Paulo Ricardo Gonçalves de Almeida, sócio da Voa - Comunicação e Cultura LTDA, proponente deste projeto, trabalhará na função de produção executiva. José Alves de Lima Aguiar e Marina Pessanha trabalharão nesta mostra na função de coordenação geral. Eduardo Reginato e Danilo Santos Crespo serão os curadores. O projeto não possui aquisição de material permanente.

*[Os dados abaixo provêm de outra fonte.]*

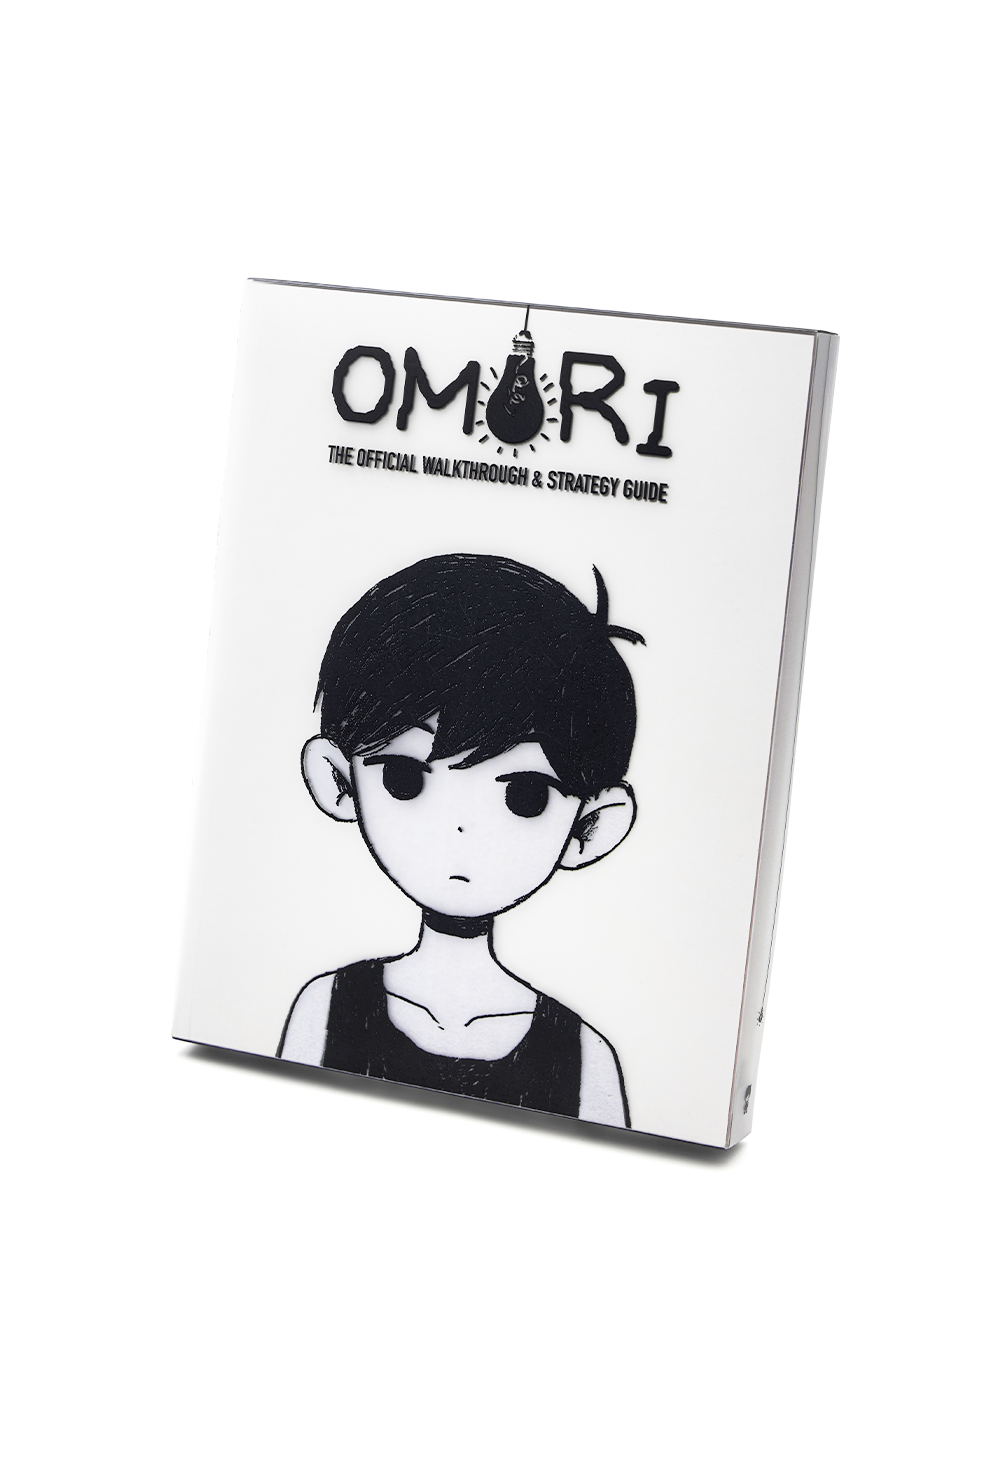 OMOCAT on X: OMORI plushies are now open for pre-order!  (  / X

Questões referentes a bens históricos não se aplicam aa esta proposta.
A mostra será realizada nos Centros Culturais do Banco do Brasil do Rio de Janeiro, São Paulo e Brasília, espaços que oferecem facilidades para portadores de necessidades especiais como: * Rampa de acesso às salas de exibição; * Cadeiras reservadas nas salas de exibição; * Sanitários adaptados; * A mostra terá uma sessão com tradução em Língua Brasileira de Sinais (Libras). * A mostra terá uma sessão com audiodescrição, além dos filmes serem exibidos com legendas descritivas. * O debate terá tradução simultânea na Língua Brasileira de Sinais (Libras). * Na Planilha orçamentária, as rubricas de Intérprete de Libras, legendagem descritiva e Serviço de Audiodescrição cobrem as despesas com as medidas de acessibilidade previstas. Quanto a acessibilidade de conteúdo, a retrospectiva terá: - Uma sessão com legendagem descritiva: transcrição, em língua portuguesa, dos diálogos, efeitos sonoros, sons do ambiente e demais informações da obra audiovisual que sejam relevantes para possibilitar a melhor compreensão da obra, de acordo com a Lei 13.146/2015. - Uma sessão conjunta com legendagem descritiva, LIBRAS e audiodescrição com narrador, visando ac atar a Lei 13.146 de 06/07/2015, que entrou em vigor no dia 02/01/2016.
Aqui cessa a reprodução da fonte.